Part 5 in our series on the “Hail Mary”.
This week’s meditation on the Hail Mary is about vocation. Mary is not generically blessed: she is blessed among women.
St. Elizabeth’s words pair this statement with a description of Jesus as “the fruit of your womb.” In English (though not Greek or Latin) you could think of the word woman as coming from “womb” (like a man, but with a womb!), and the womb is the most womanly part of woman.
In fact, this pair spells out what we saw in the first pair. Mary is full of grace because the Lord is with her – but the Lord is with her as fruit of her womb, and she is with him, and full of grace, precisely as woman. Mary makes it so concrete: she lives in union with Jesus not through abstraction, but through her vocation as his mother. She carries him, births him, nurses him, cooks and cleans and mothers for him, bosses him around at Cana, and experiences his ministry, his cross, his resurrection, and his ascension – and even Pentecost, and her own arrival in heaven – precisely as his mother. Her vocation colors everything about her relation to him.

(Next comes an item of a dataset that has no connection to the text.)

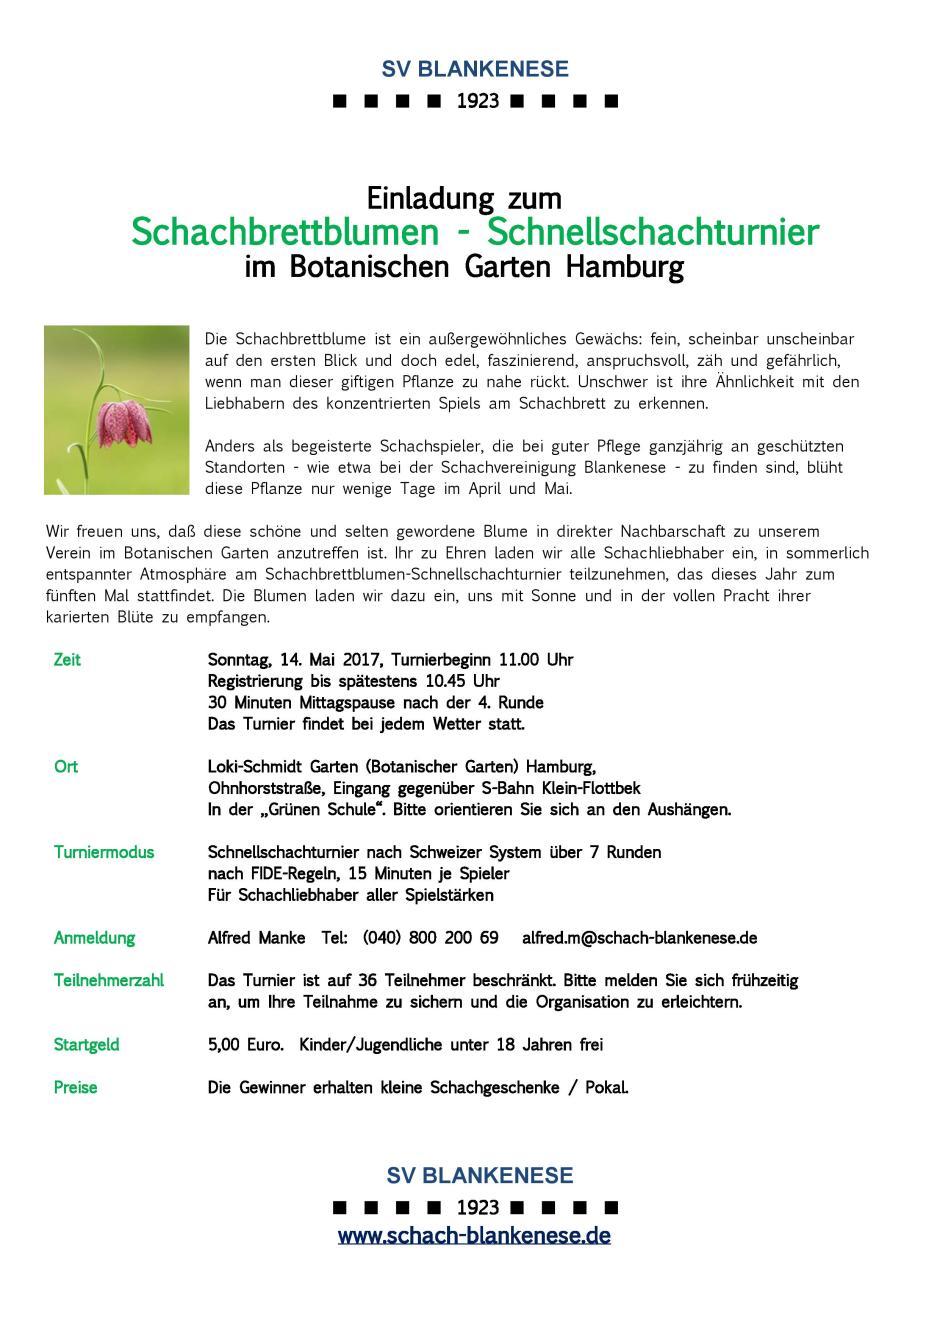 Einladung Schachbrettblumenturnier2017-page-001

It colors, too, her relation with her neighbor. Beautiful that the one who calls her “blessed among women” is her woman friend – and, indeed, her relative, descended from a common womb – Elizabeth. Together they are doing women’s work, preparing for their babies. She relates to Elizabeth not as an abstract individual, but as a woman – and, in addition to her gender, also in a family, in a place, in a historical period, in a language, etc. They are not abstractions, they are people, and it is there, in their human particularity, that God’s grace comes to meet them.
Nor does Mary’s femininity shut her off, as if “among women” means that she doesn’t get to be around men. Luke adds the nice little detail that she “entered Zechariah’s house, and greeted Elizabeth” (Luke 1:40): Zechariah is around too!

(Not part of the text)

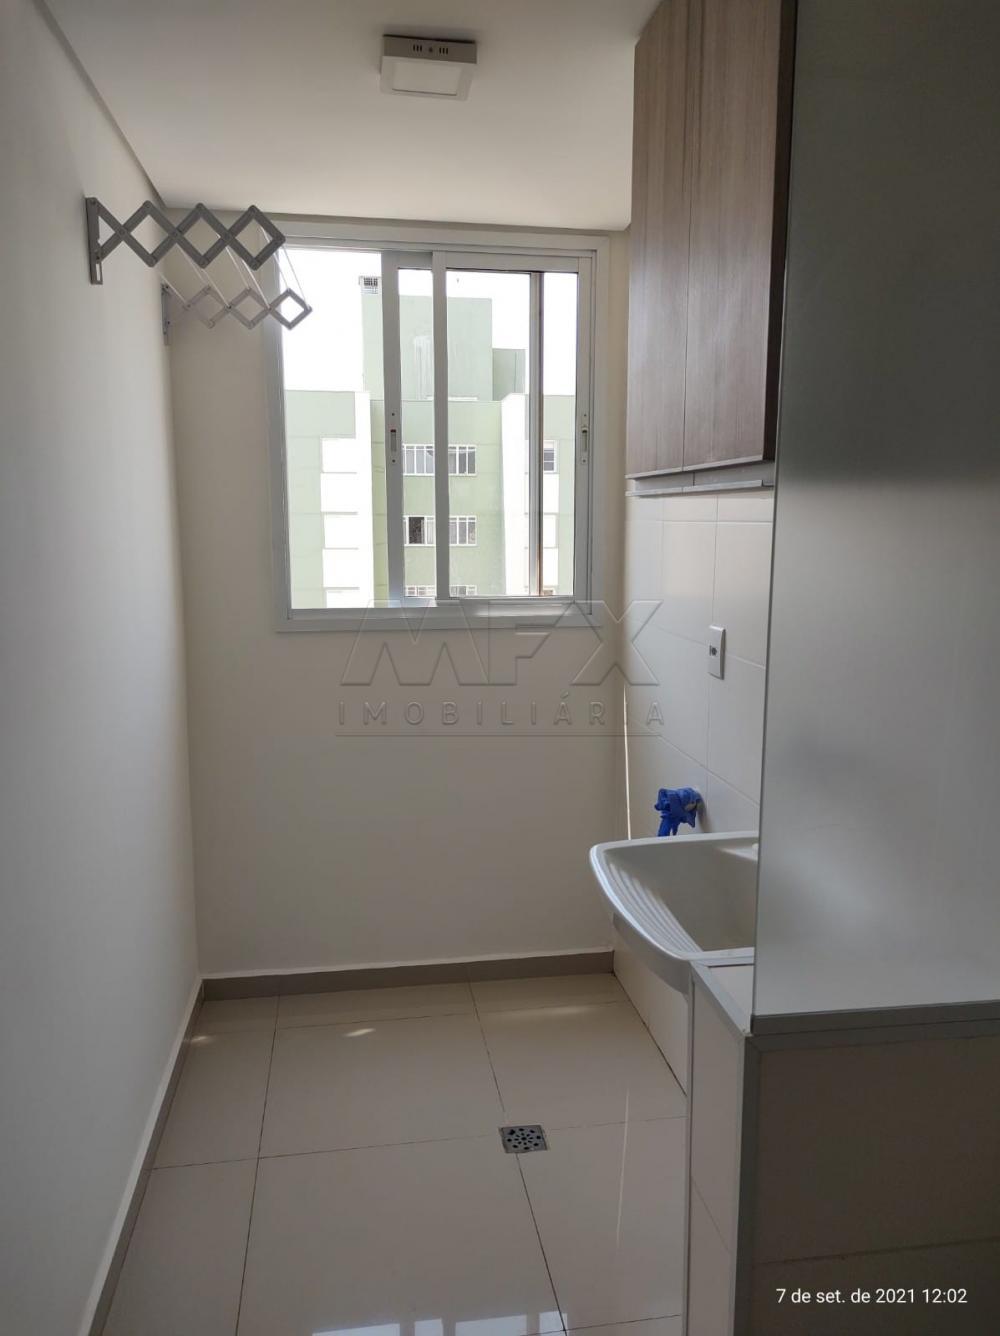 Alugar Apartamento / Padrão em Bauru R$ 1.300,00 - Foto 2

More importantly, Mary has Joseph. There are various things to love about St. Joseph, but one of the finest – Marie-Dominique Philippe’s The Mystery of Joseph explores this in all its Scriptural richness, but it also plays a prominent role, for example, in Leo XIII’s encyclical on St. Joseph Quamquam pluries – is that Joseph is Mary’s husband. Mary and Joseph are not abstractions, they are a man and a woman, making a home together. Together they marvel at the things that are said of Jesus (Luke 2:33), together they seek for him (2:44-46), Mary speaks for his feelings, “your father and I have sought you sorrowing” (2:48). They were engaged to be married, and Joseph trembled to take her to himself, and trembled to lose her. They built a home together, eating dinner, knowing their neighbors, and establishing customs: “his parents went to Jerusalem every year for the passover” (Luke 2:41).
And later Jesus will give Mary to John to be his mother (John 19:26-27), and she will gather with the apostles as “mother of Jesus” (Acts 1:14).
In all of these things Mary is profoundly woman, profoundly in relationship, profoundly personal. There is no abstraction in the life of grace. Grace graces our life, in all its particularity.
Is this limiting? Well, yes and no. To speak of Mary in terms of her womb is to reduce her to biology. And, indeed, Jesus is careful to say there is more to us than just our biological acts: “rather, blessed are they that hear the word of God and keep it!” (Luke 11:28) But Mary keeps the word of God in her vocation. Her biology – “the womb that bore him, the breasts he sucked” (Luke 11:27) – becomes the place of her encounter with Jesus.
We are limited by our vocations. We cannot meet Jesus anywhere else than where we are. Those limitations are very real: so many things I can’t do – and so many things I must do! But the wonder of the Incarnation is that God, who created this particularity in the first place, then took it on himself when he walked in a particular body in a particular time and place, comes to meet us right where we are. Sometimes that seems unimportant: Mary is “just” a woman, not a priest like Zechariah. But it is God who makes the little things matter.
By the way: did it ever occur to you that Mary had a funny accent? “They that stood by said again to Peter, Surely you are one of them: for you are a Galilean, your way of speaking gives you away!” (Mark 14:70; cf. Luke 22:59 and Acts 2:7) They will know that we are Christians by our funny accents.